* Data shown

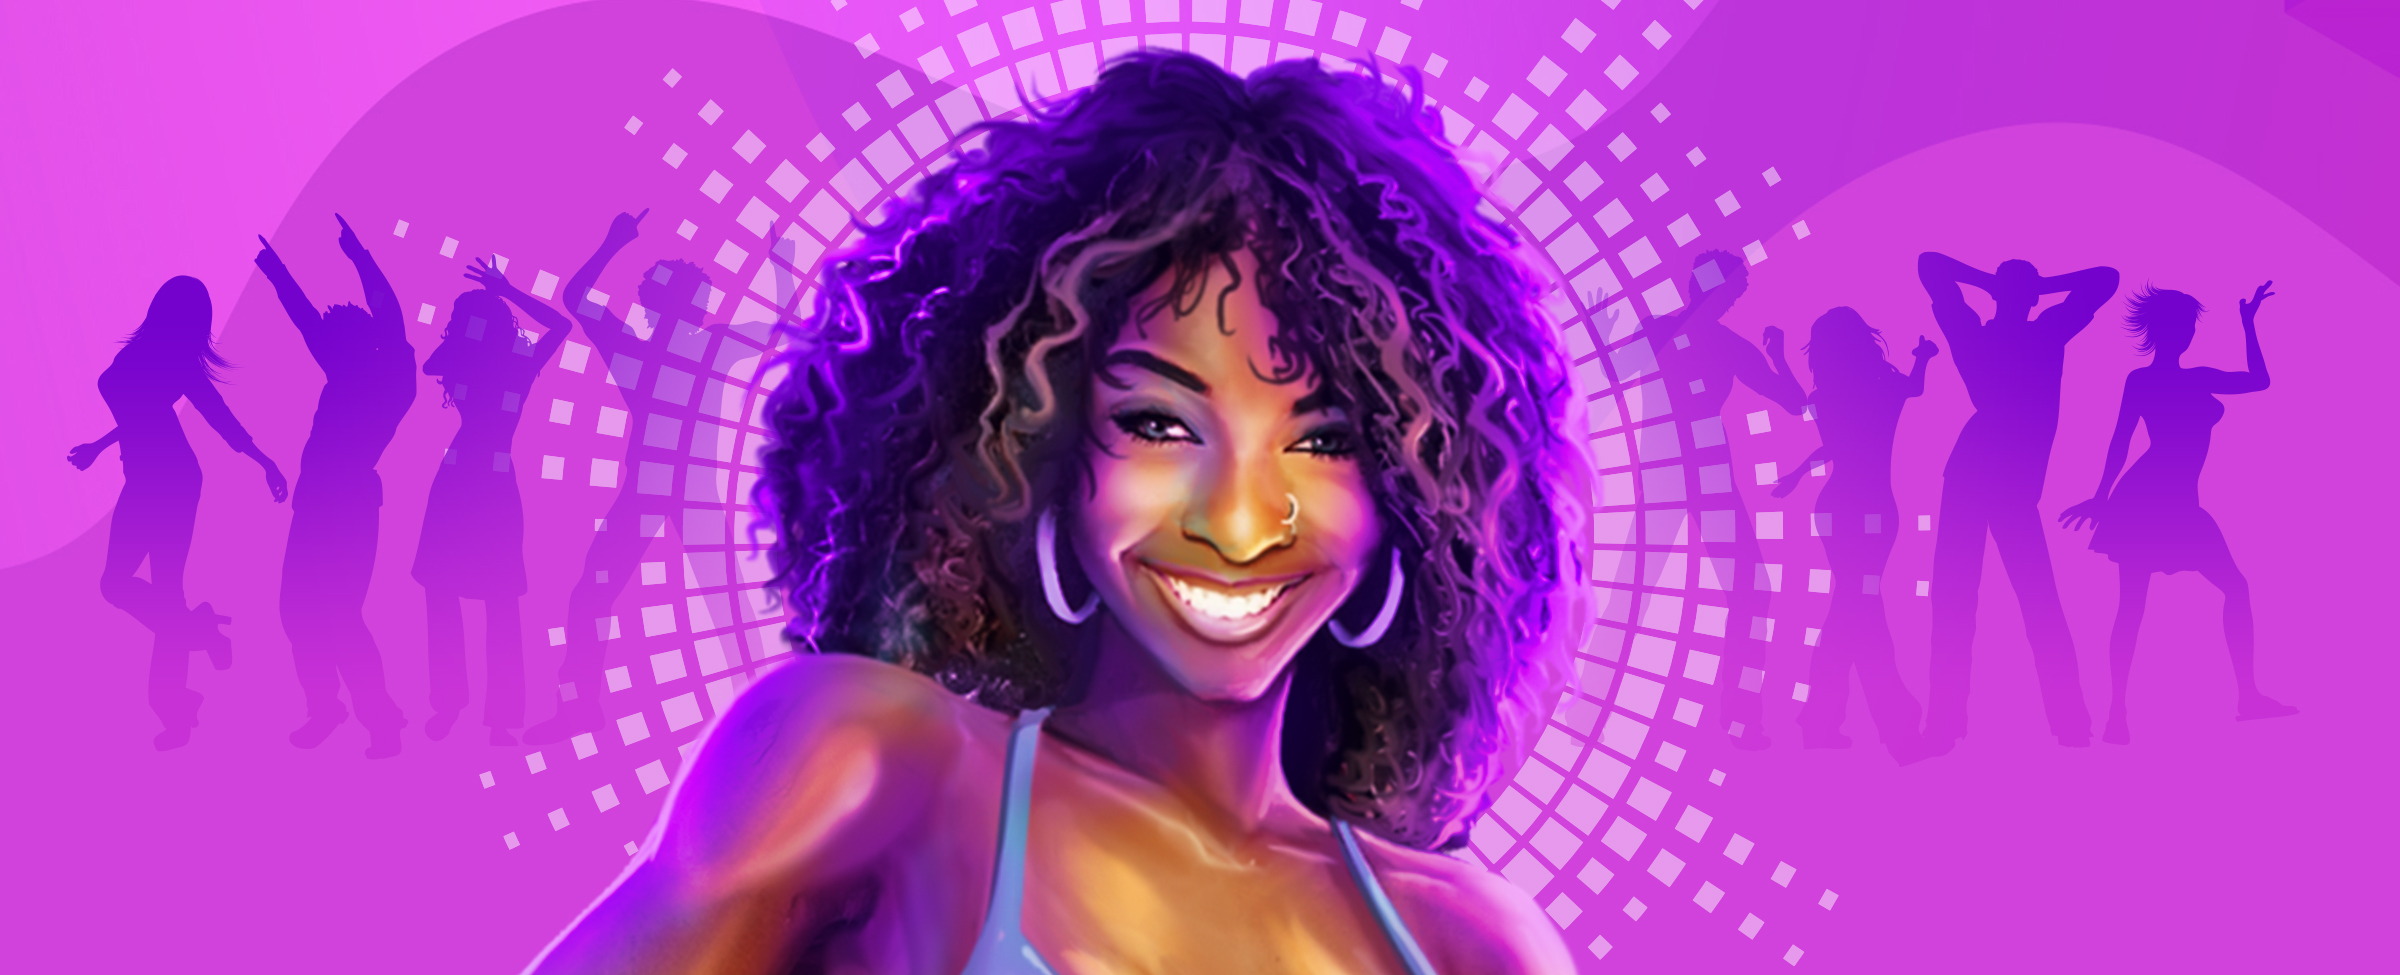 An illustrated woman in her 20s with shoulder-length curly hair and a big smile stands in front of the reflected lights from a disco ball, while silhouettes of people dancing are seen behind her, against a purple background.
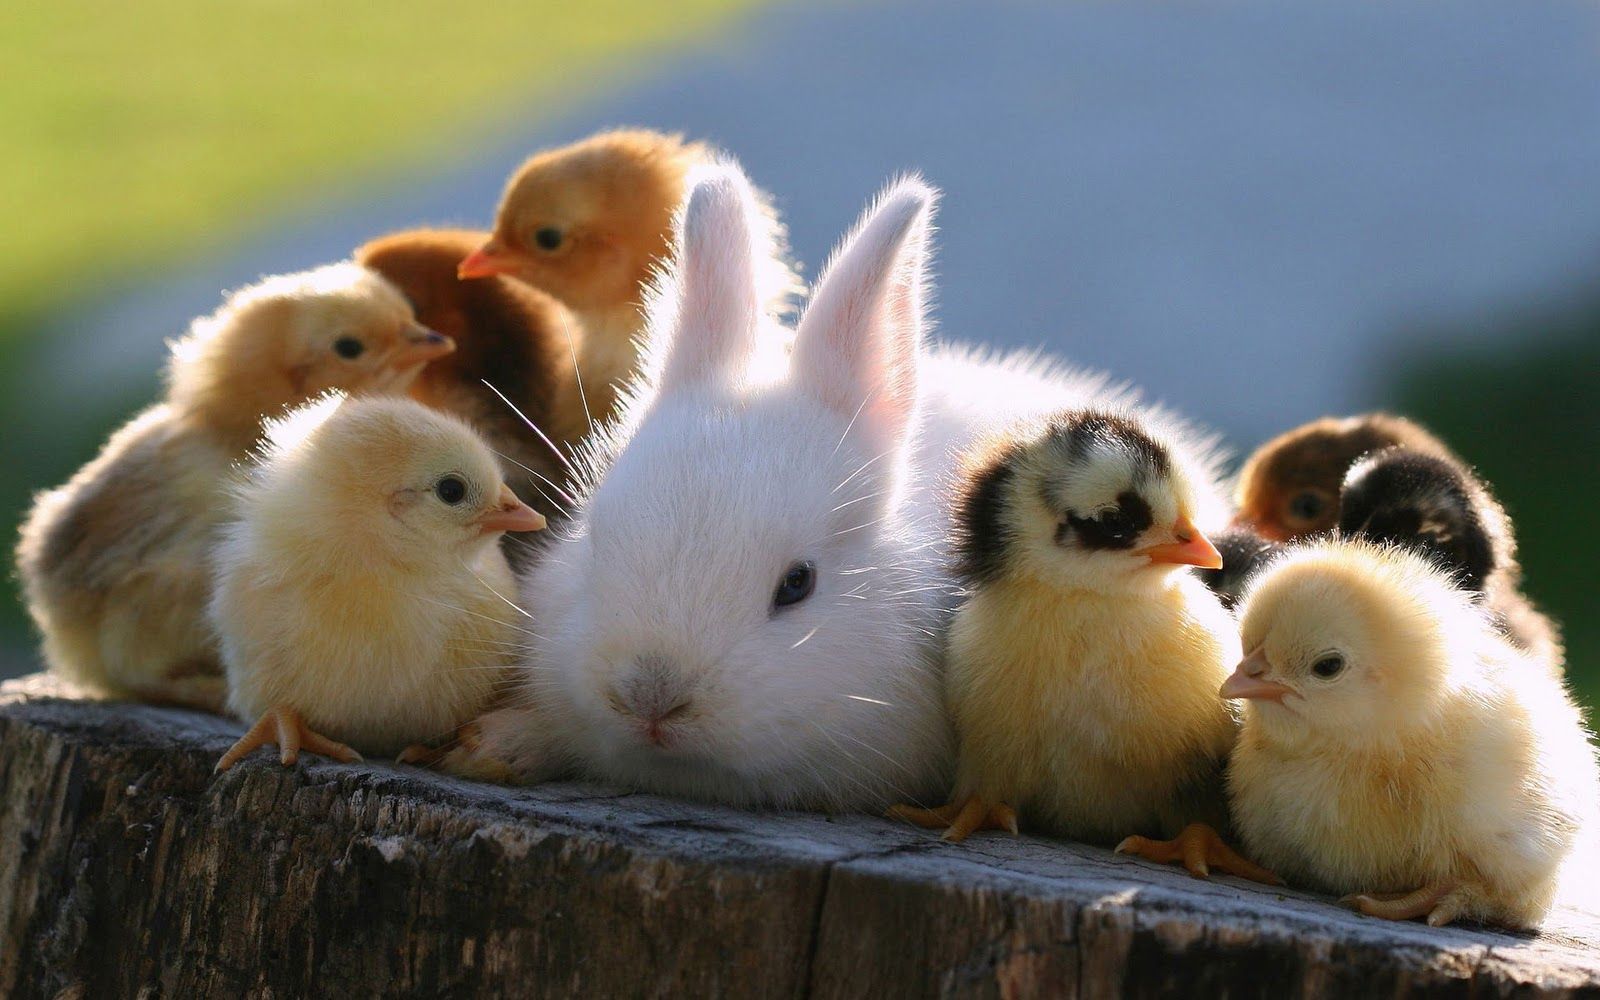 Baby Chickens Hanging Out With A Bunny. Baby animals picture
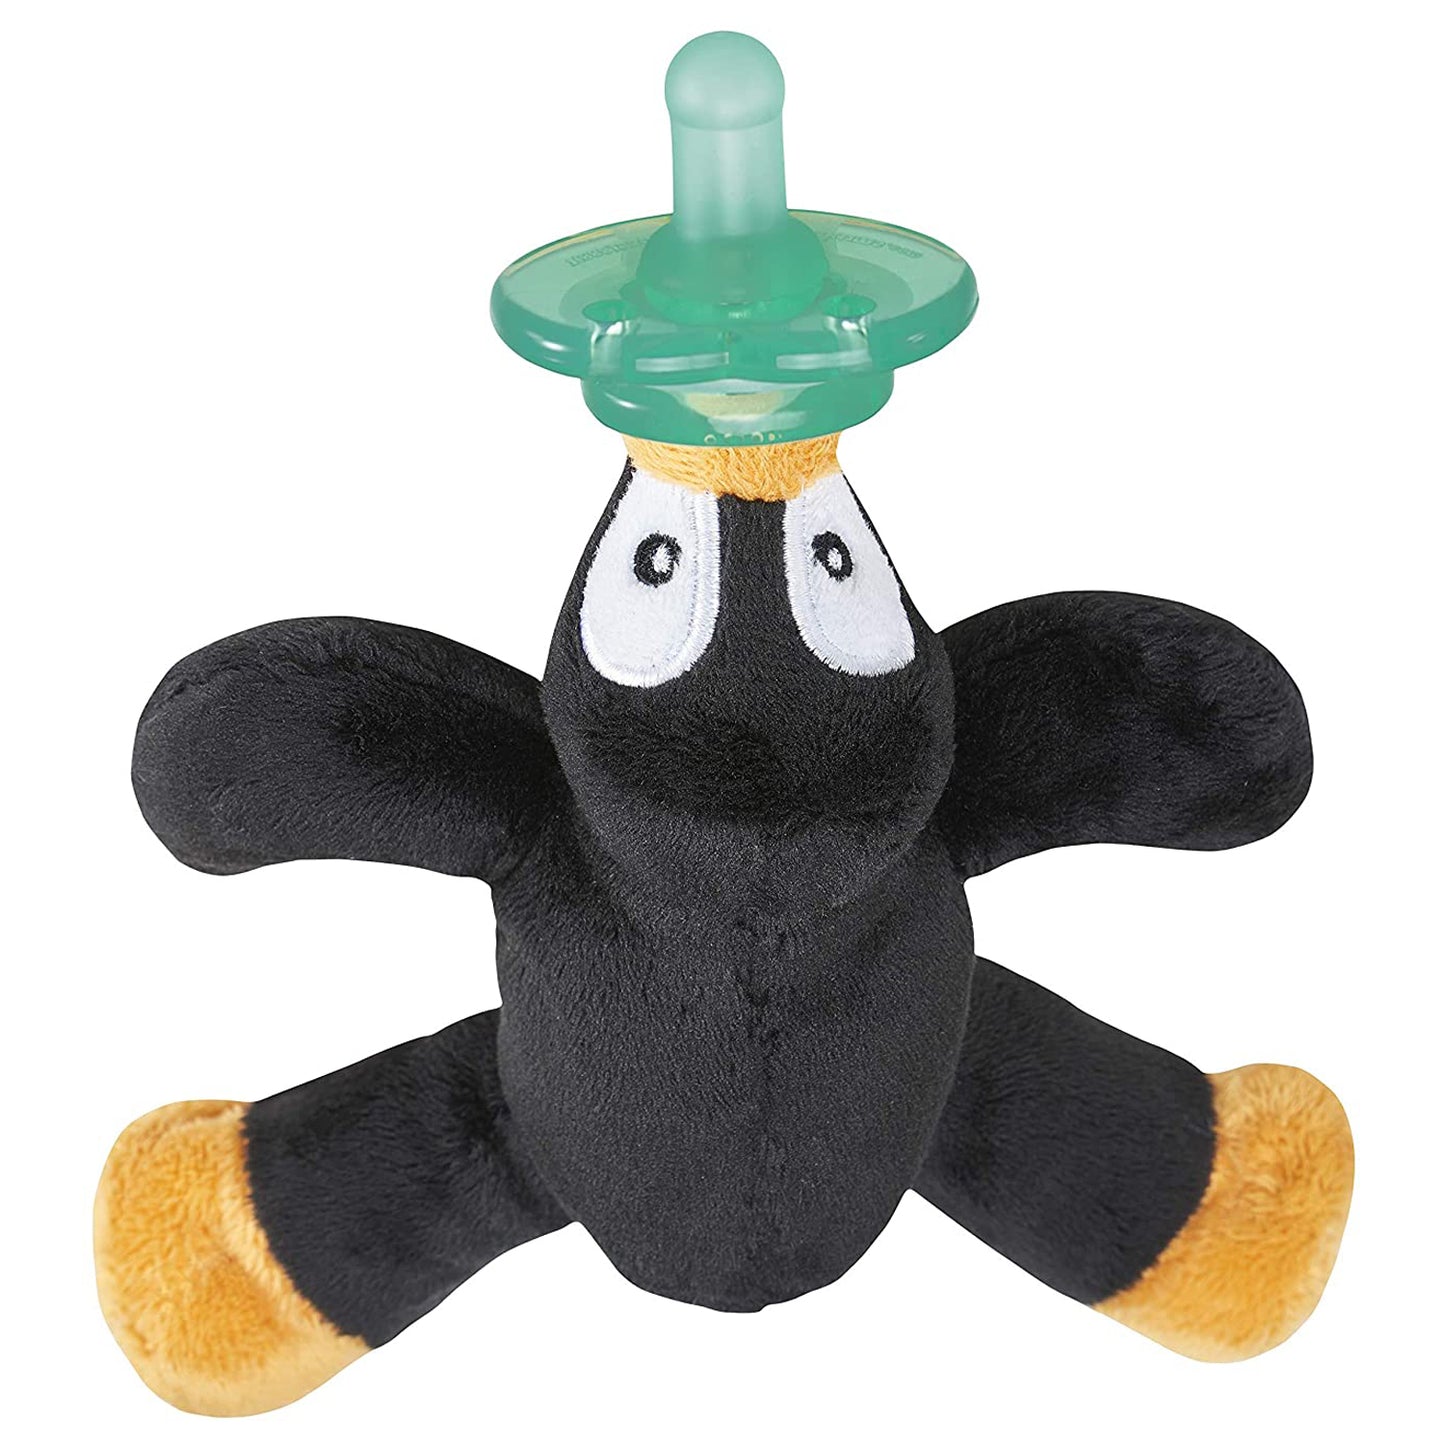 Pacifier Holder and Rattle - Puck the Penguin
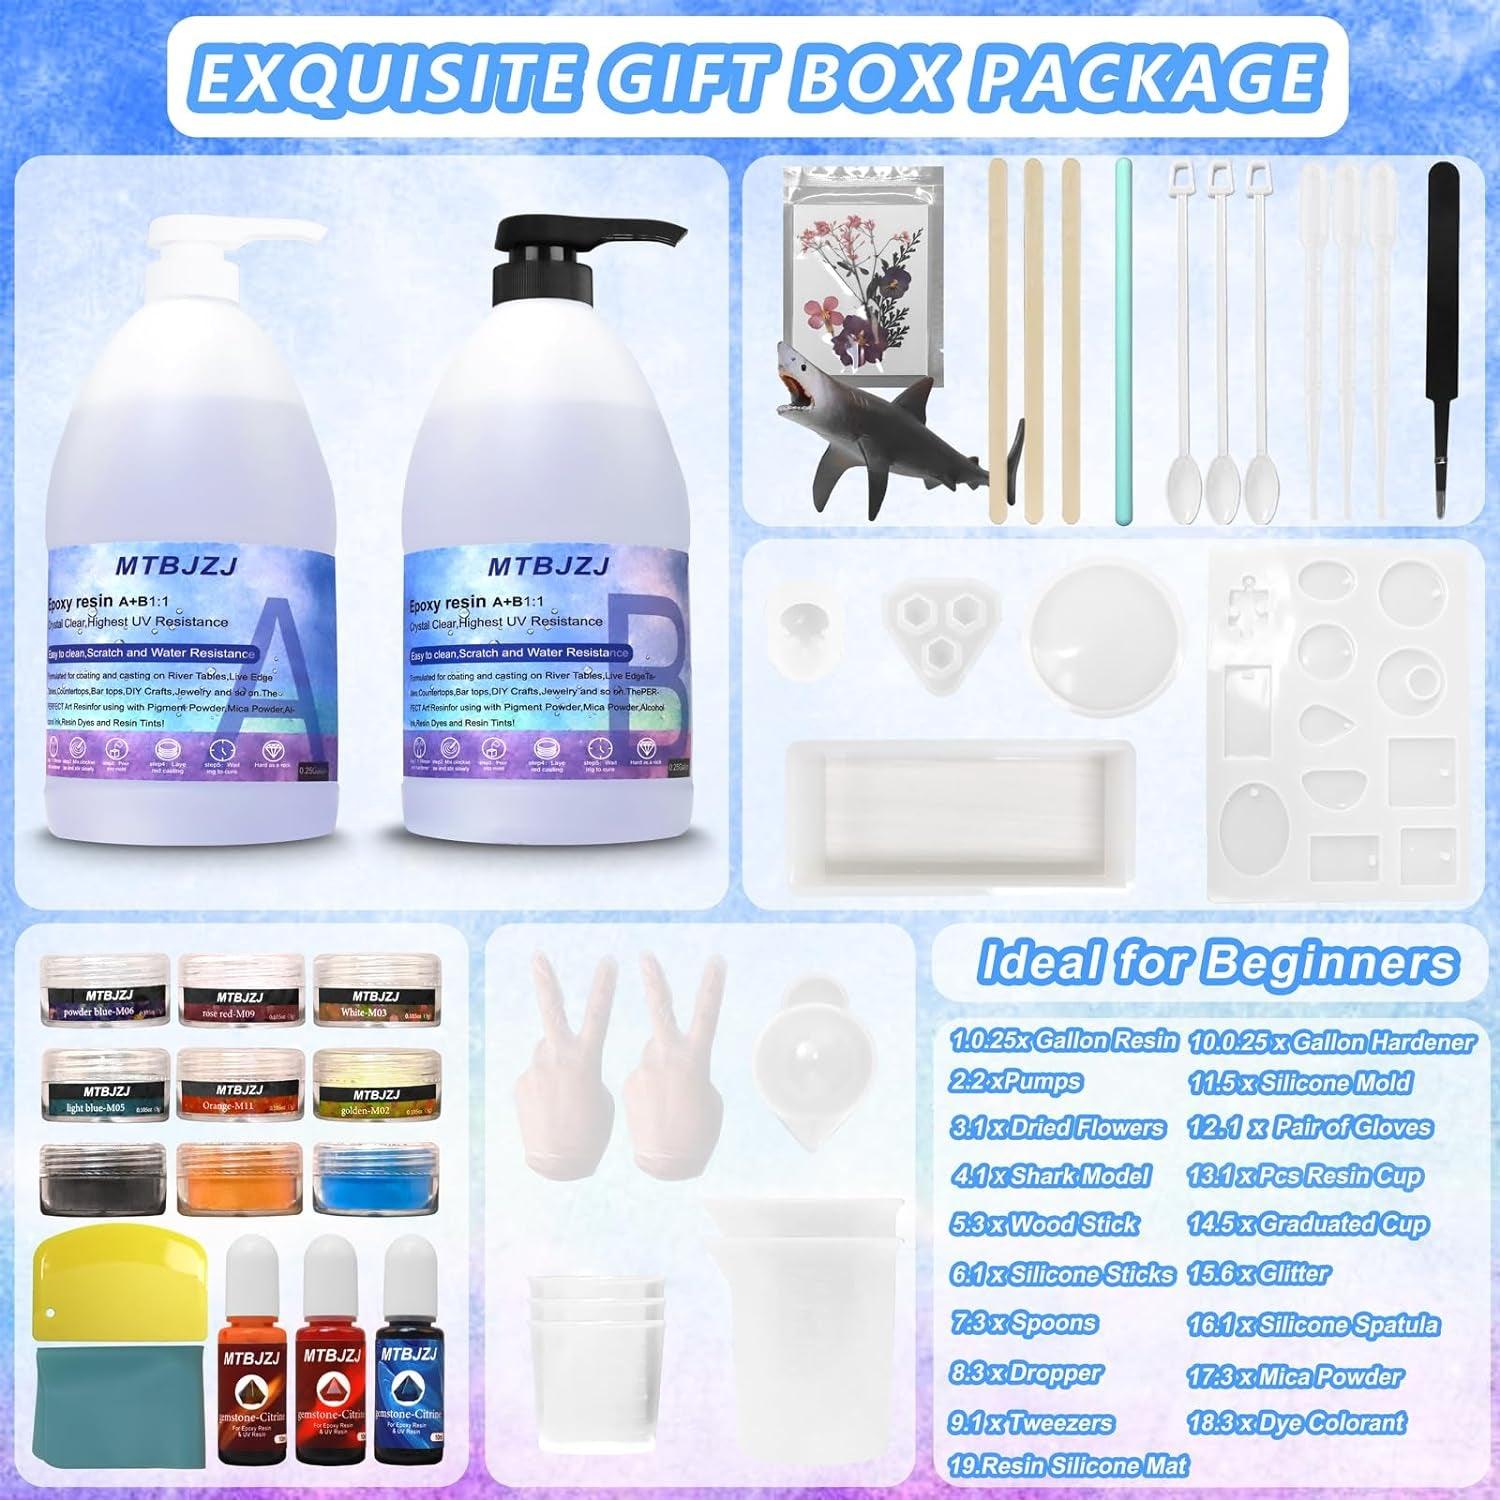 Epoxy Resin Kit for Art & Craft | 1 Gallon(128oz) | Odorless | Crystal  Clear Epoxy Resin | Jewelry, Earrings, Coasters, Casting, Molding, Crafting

* Your goal
Give the listing again exactly, but omit each image.

* Response area
 An illustrated woman in her 20s with shoulder-length curly hair and a big smile stands in front of the reflected lights from a disco ball, while silhouettes of people dancing are seen behind her, against a purple background.
 Baby Chickens Hanging Out With A Bunny. Baby animals picture
 Pacifier Holder and Rattle - Puck the Penguin
 Epoxy Resin Kit for Art & Craft | 1 Gallon(128oz) | Odorless | Crystal  Clear Epoxy Resin | Jewelry, Earrings, Coasters, Casting, Molding, Crafting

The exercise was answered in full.